→ **Task description**:
Below is a listing to write out in full, exactly as given, without its pictures.

→ **Recorded data**:
------------------------------------------------------------

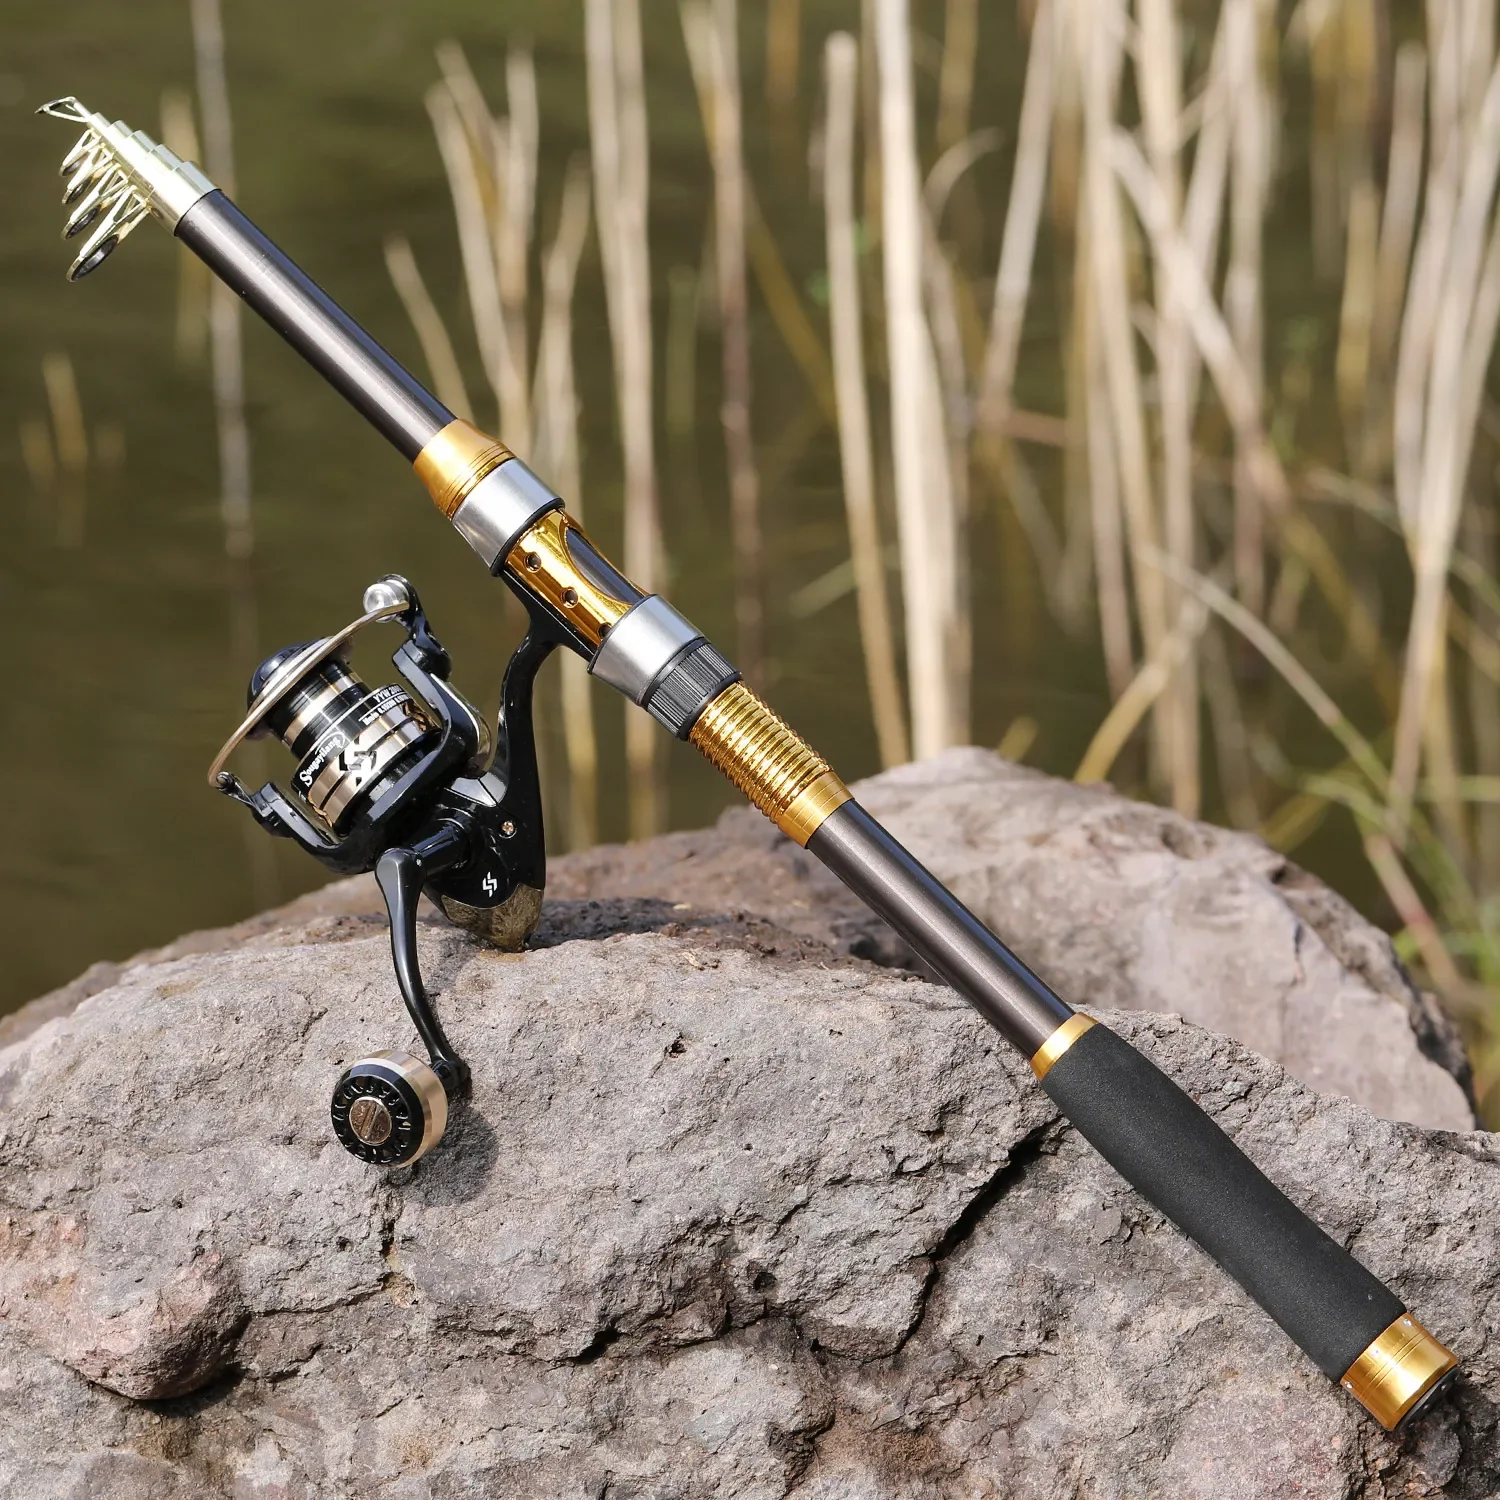 https://ae01.alicdn.com/kf/Sd579d6d508cf44bbb4eab24da769a831R/Sougayilang-Telescopic-Fishing-Rod-and-Spinning-Fishing-Reel-Combo-Saltwater-Freshwater-Carp-Portable-for-Travel-Fishing.jpg
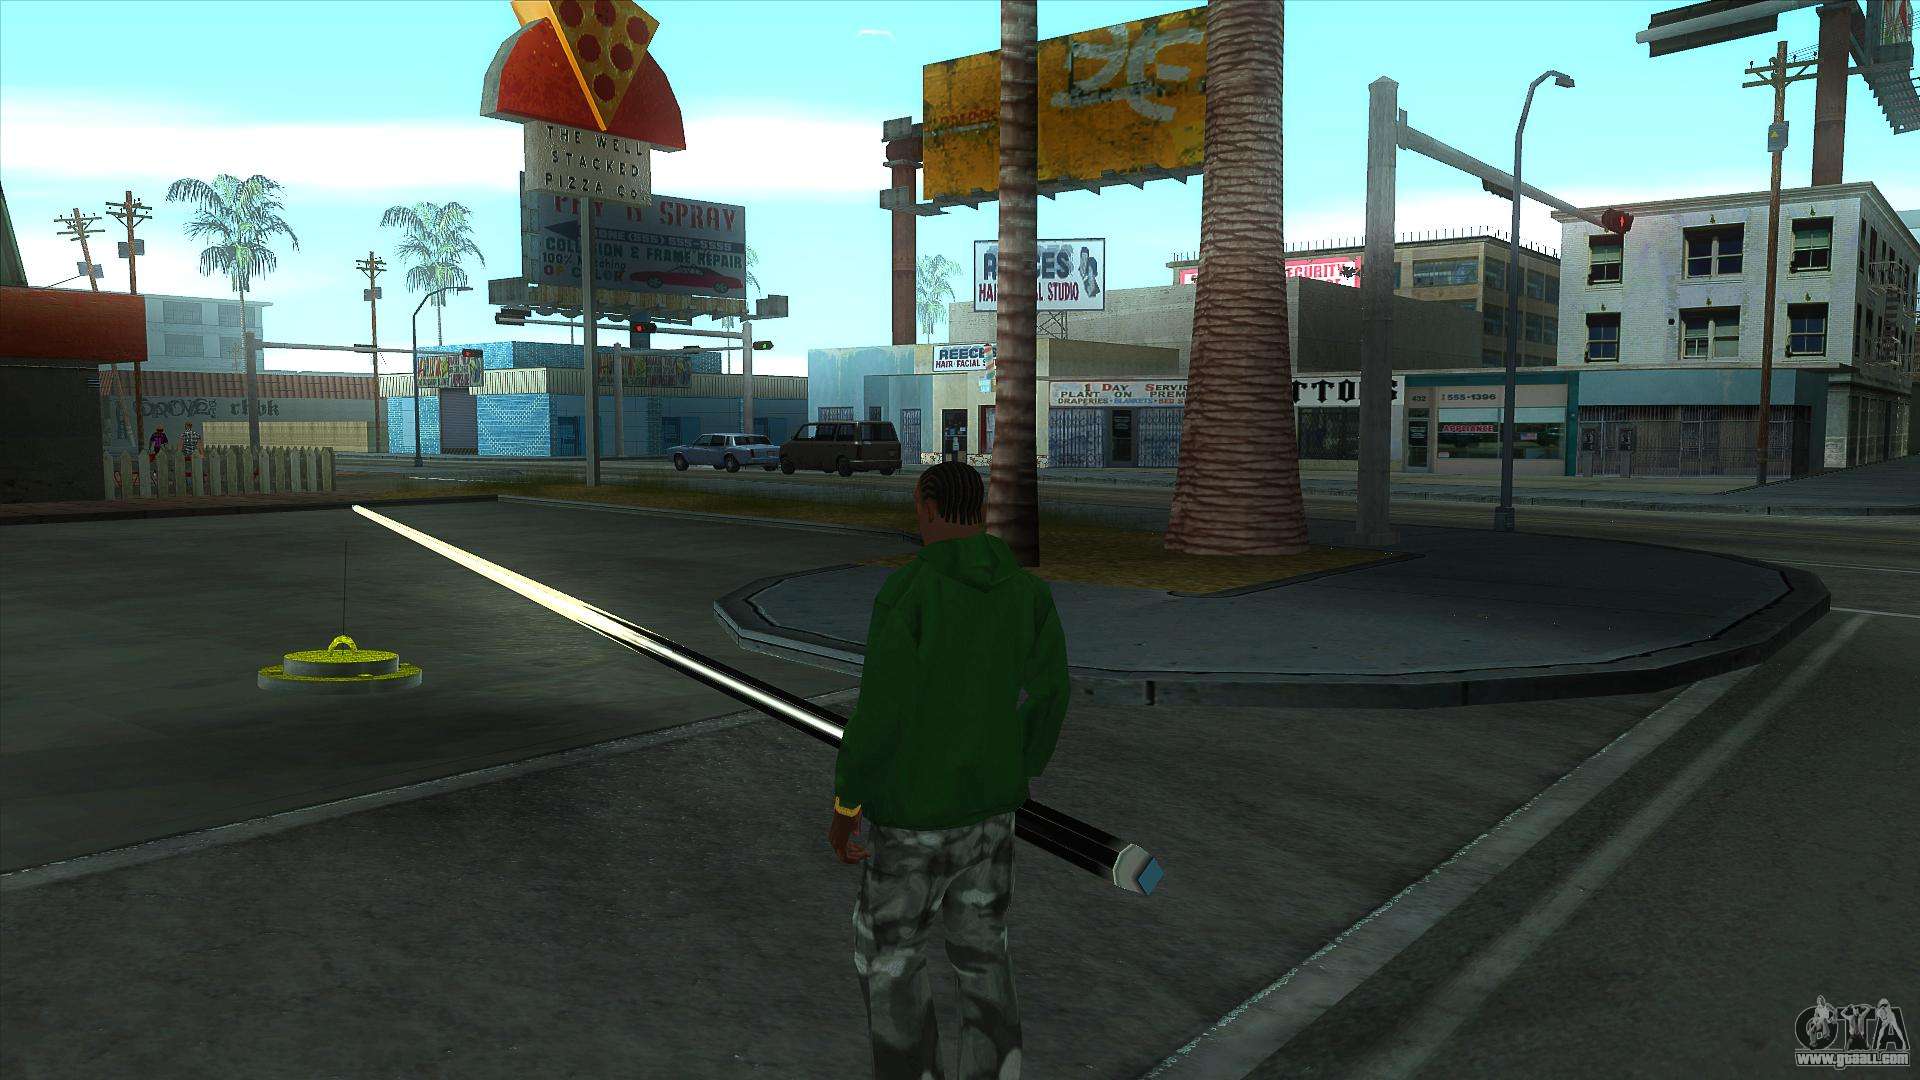 Cleo Mod San Andreas for GTA San Andreas
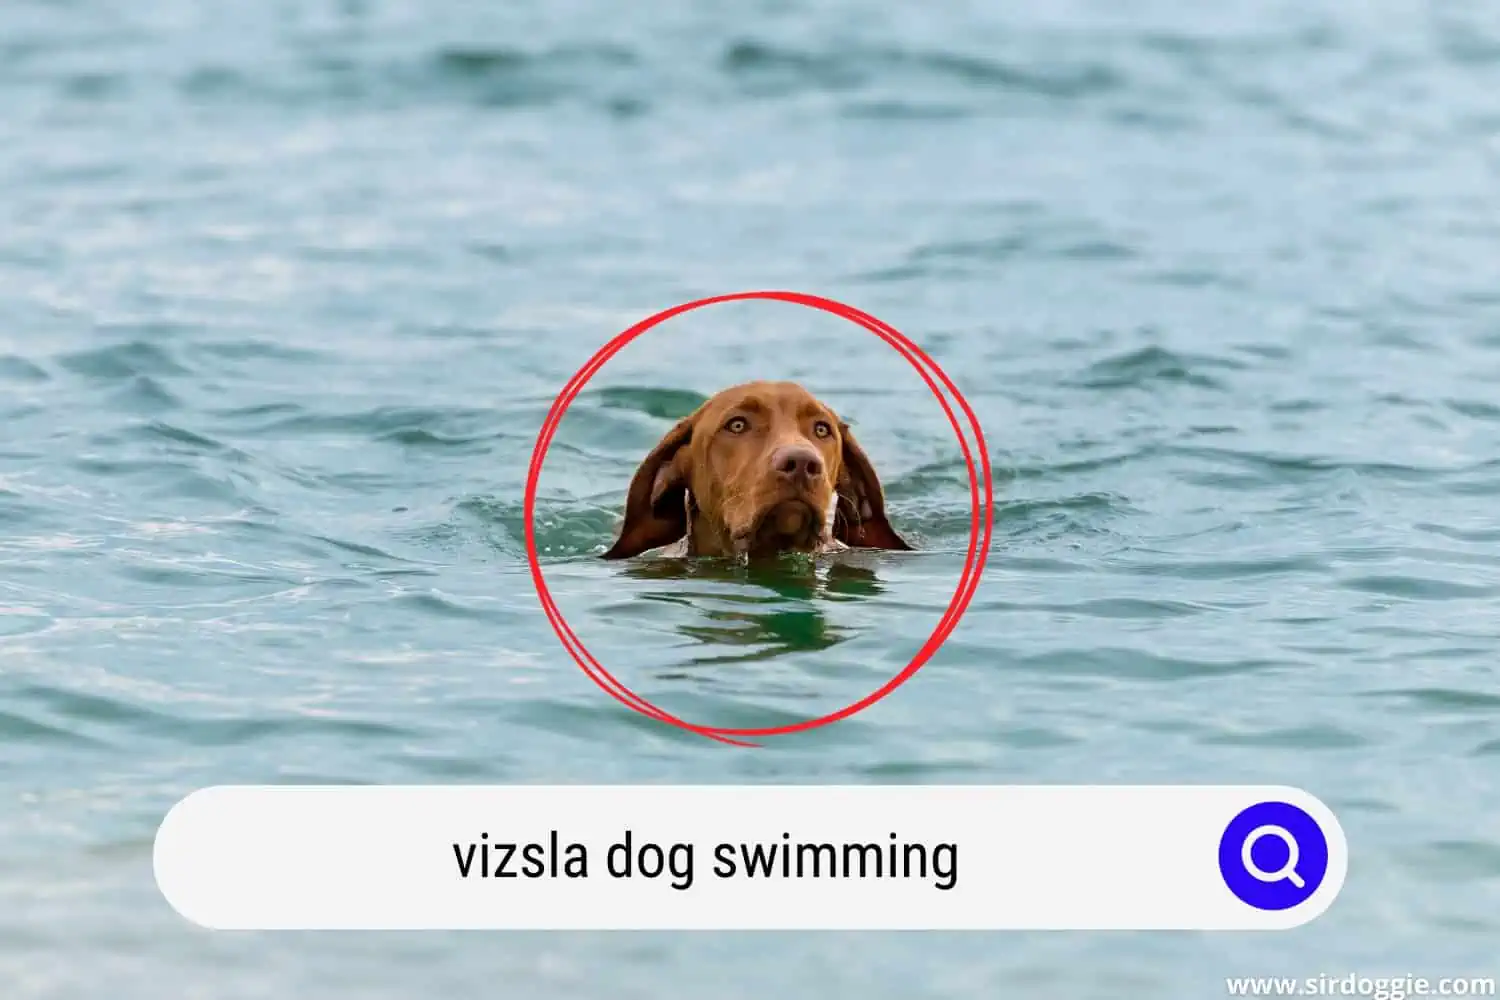 Vizsla dog swimming in the sea

------------------------------------------------------------

→ **Answer section**:
 https://ae01.alicdn.com/kf/Sd579d6d508cf44bbb4eab24da769a831R/Sougayilang-Telescopic-Fishing-Rod-and-Spinning-Fishing-Reel-Combo-Saltwater-Freshwater-Carp-Portable-for-Travel-Fishing.jpg
 Cleo Mod San Andreas for GTA San Andreas
 Vizsla dog swimming in the sea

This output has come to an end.